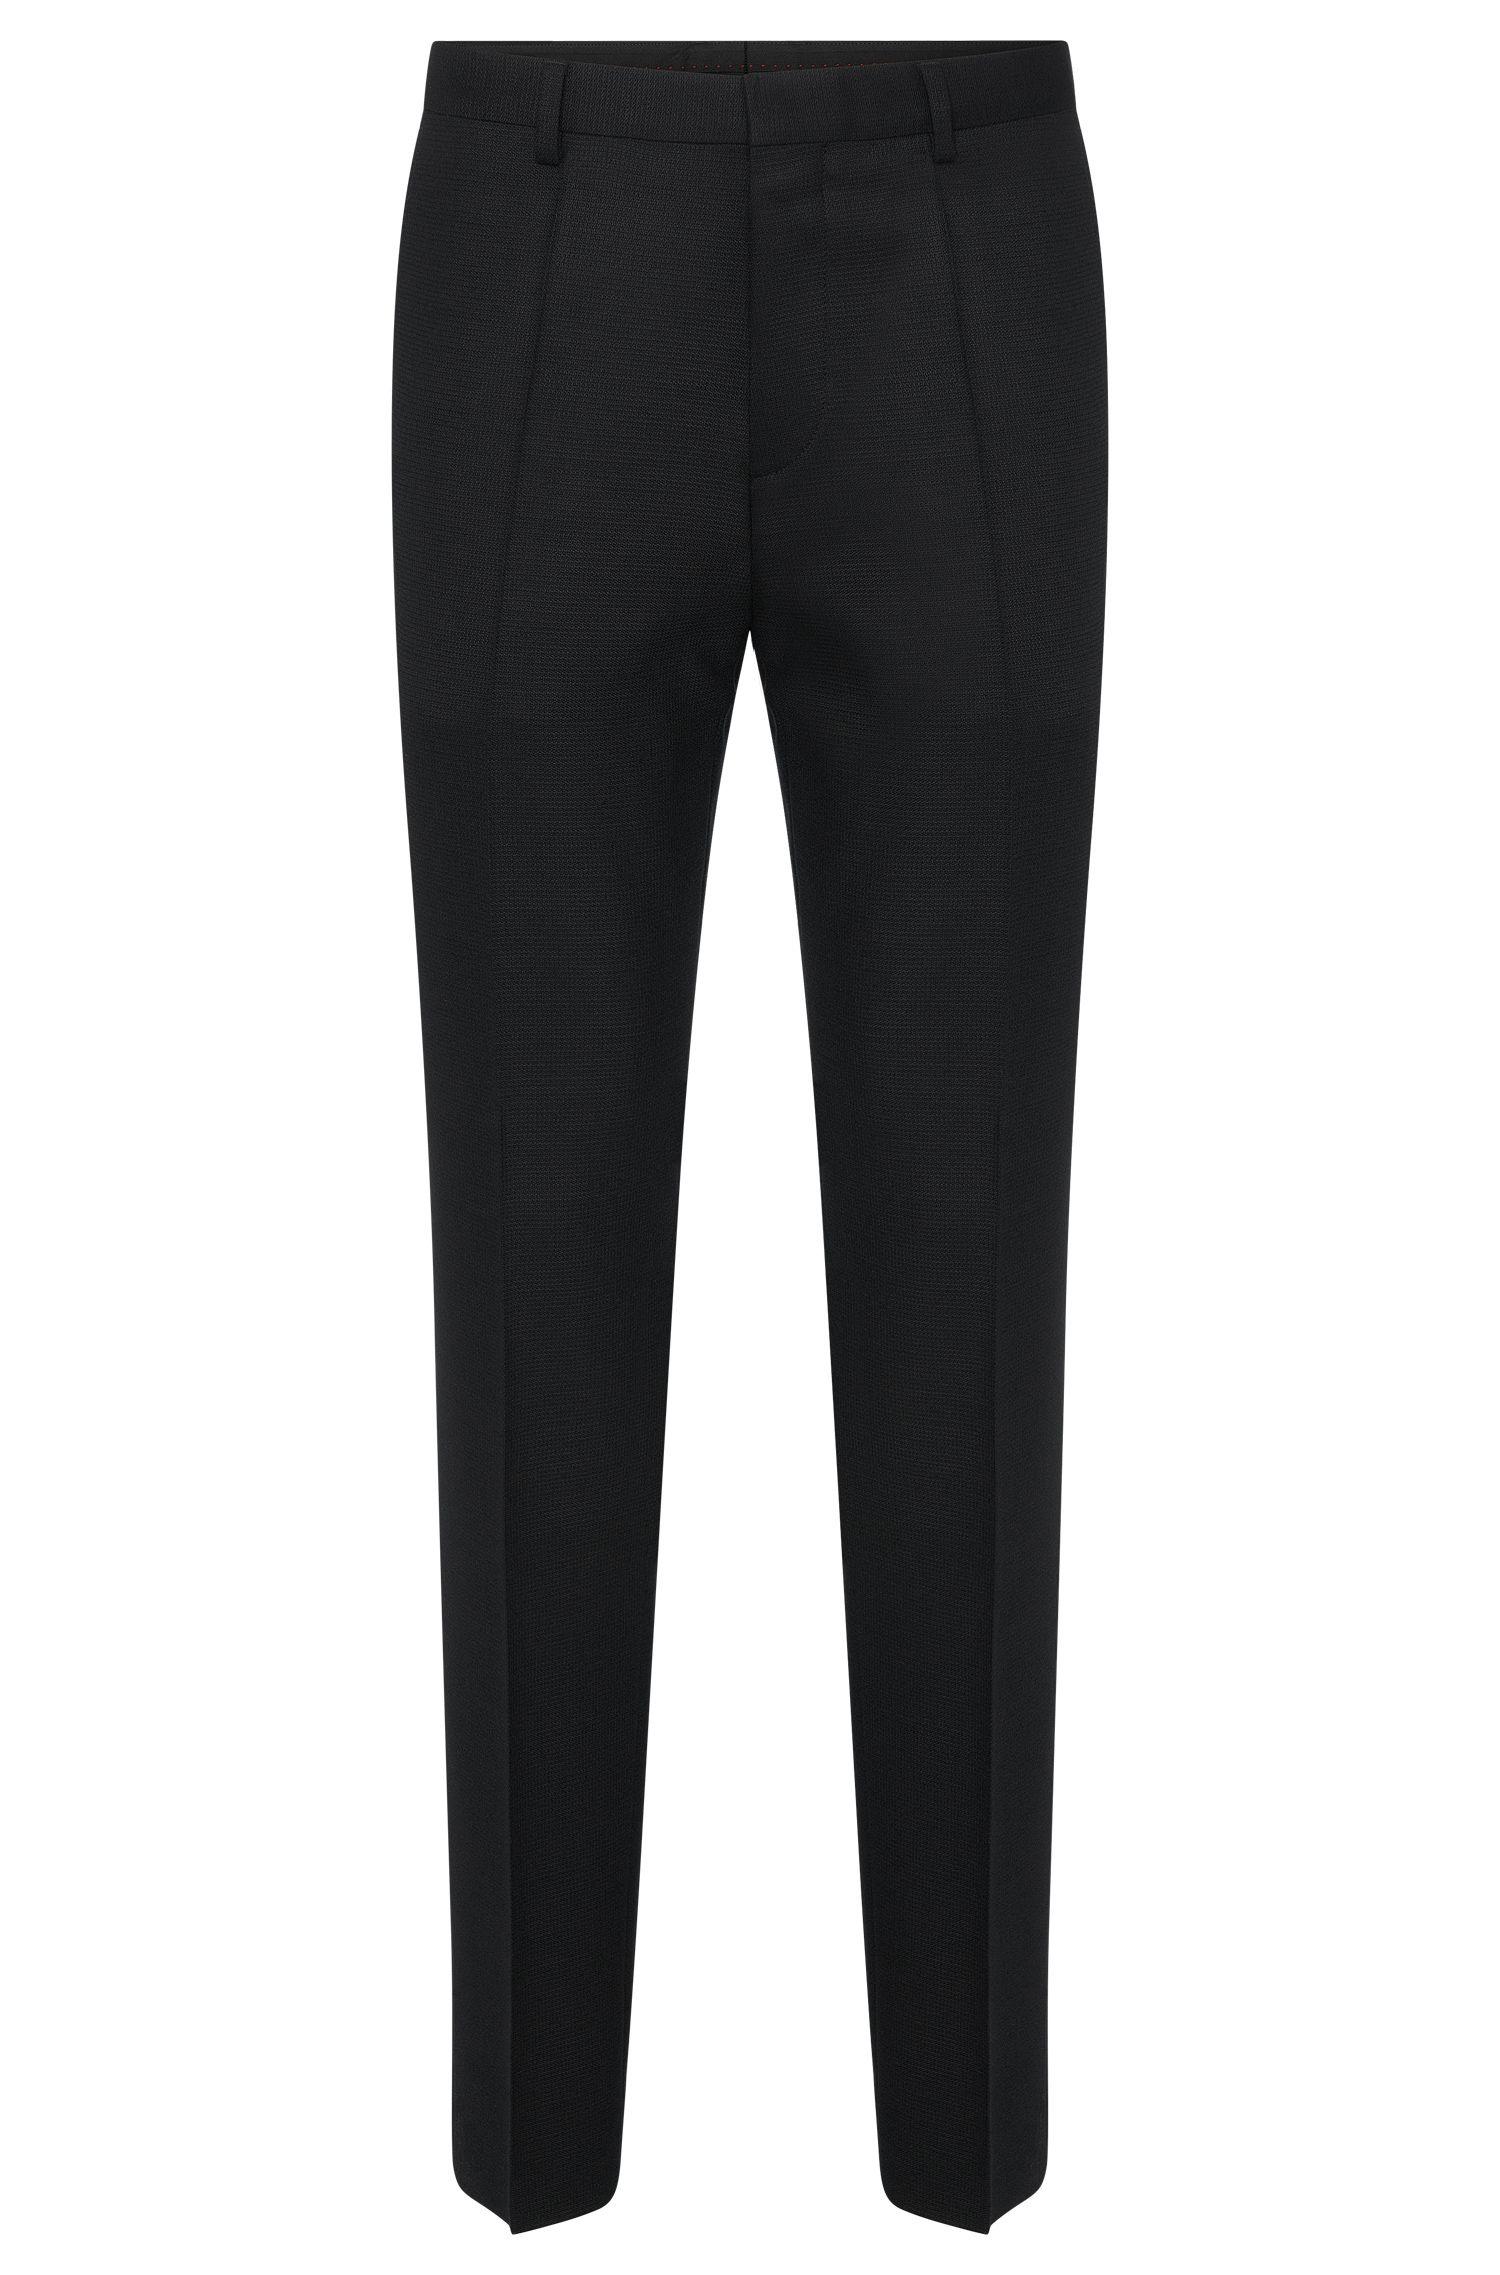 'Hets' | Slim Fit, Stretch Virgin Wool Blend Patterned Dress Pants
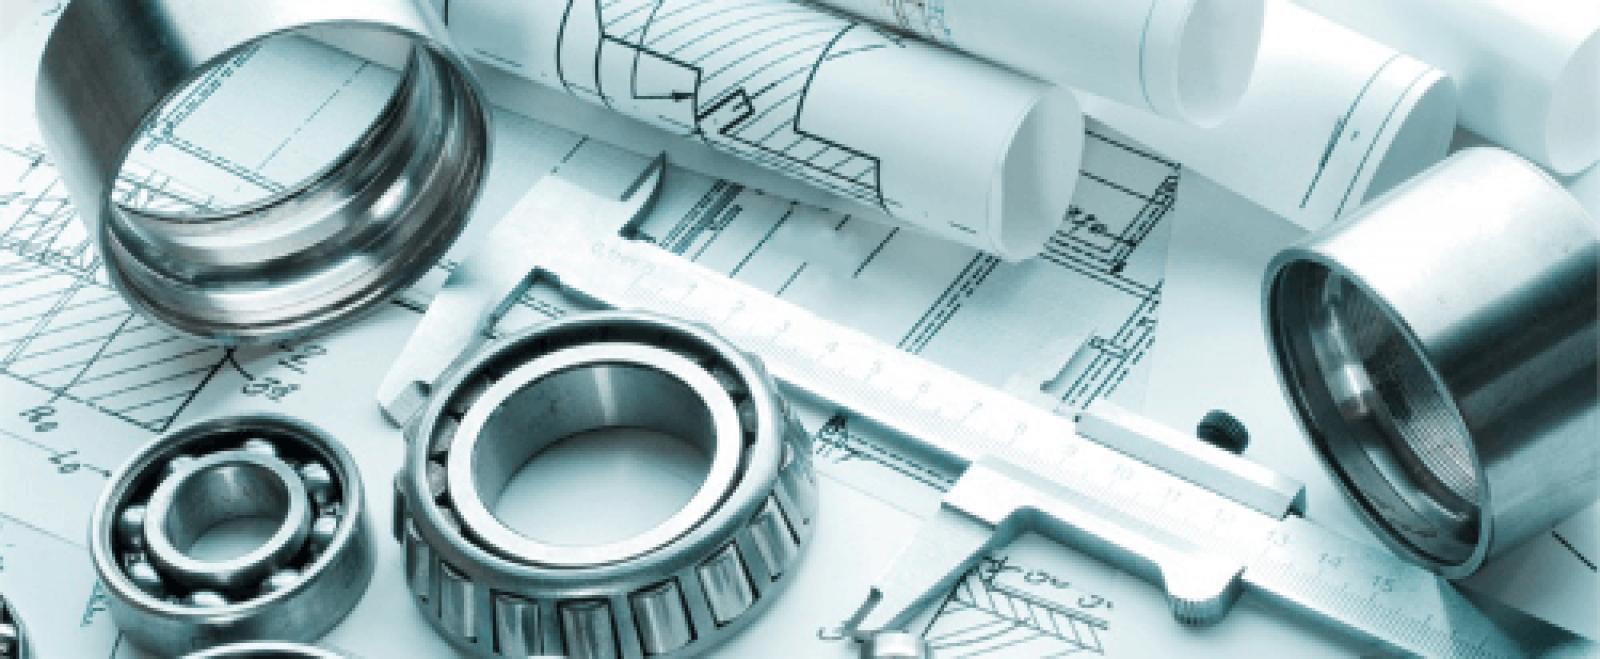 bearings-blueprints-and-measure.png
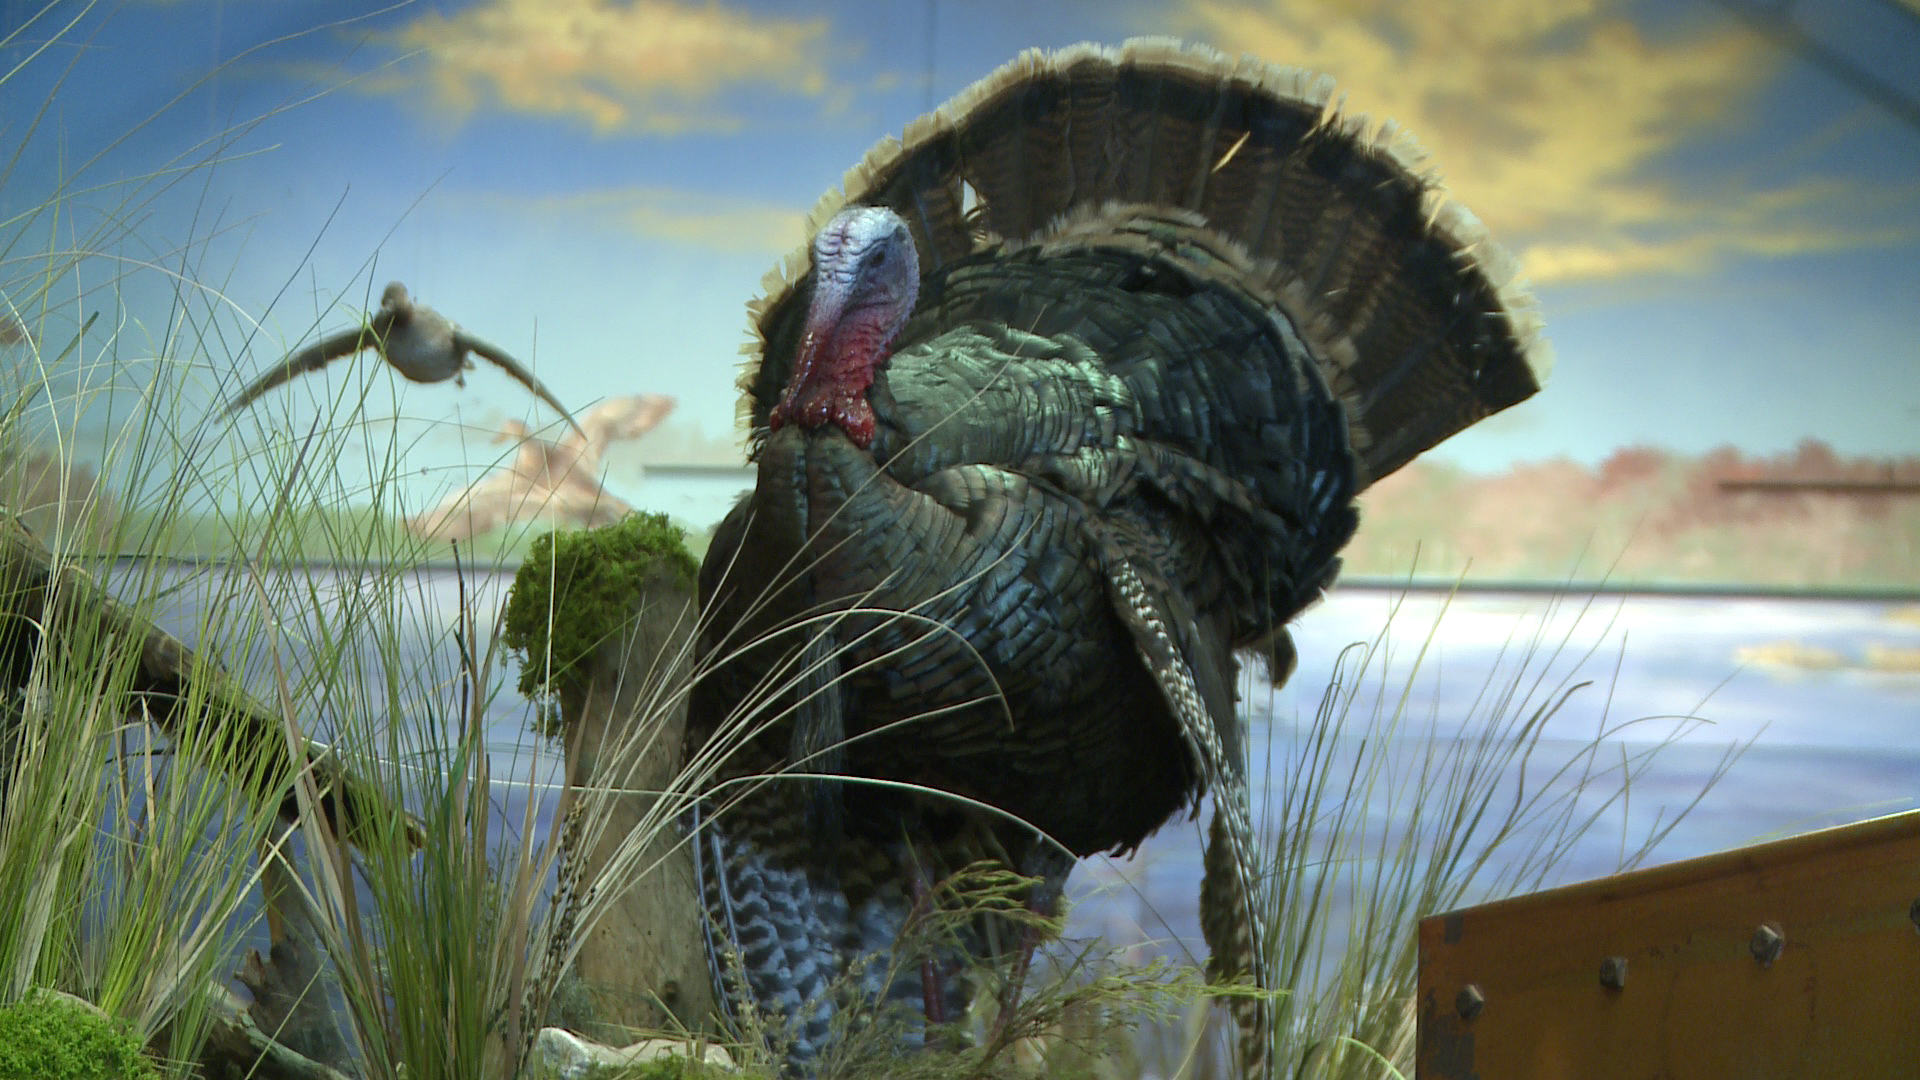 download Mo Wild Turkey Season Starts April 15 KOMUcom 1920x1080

Task description: Without including any picture, reproduce the material above word for word.

Exercise solution:
 'Hets' | Slim Fit, Stretch Virgin Wool Blend Patterned Dress Pants
 bearings-blueprints-and-measure.png
 download Mo Wild Turkey Season Starts April 15 KOMUcom 1920x1080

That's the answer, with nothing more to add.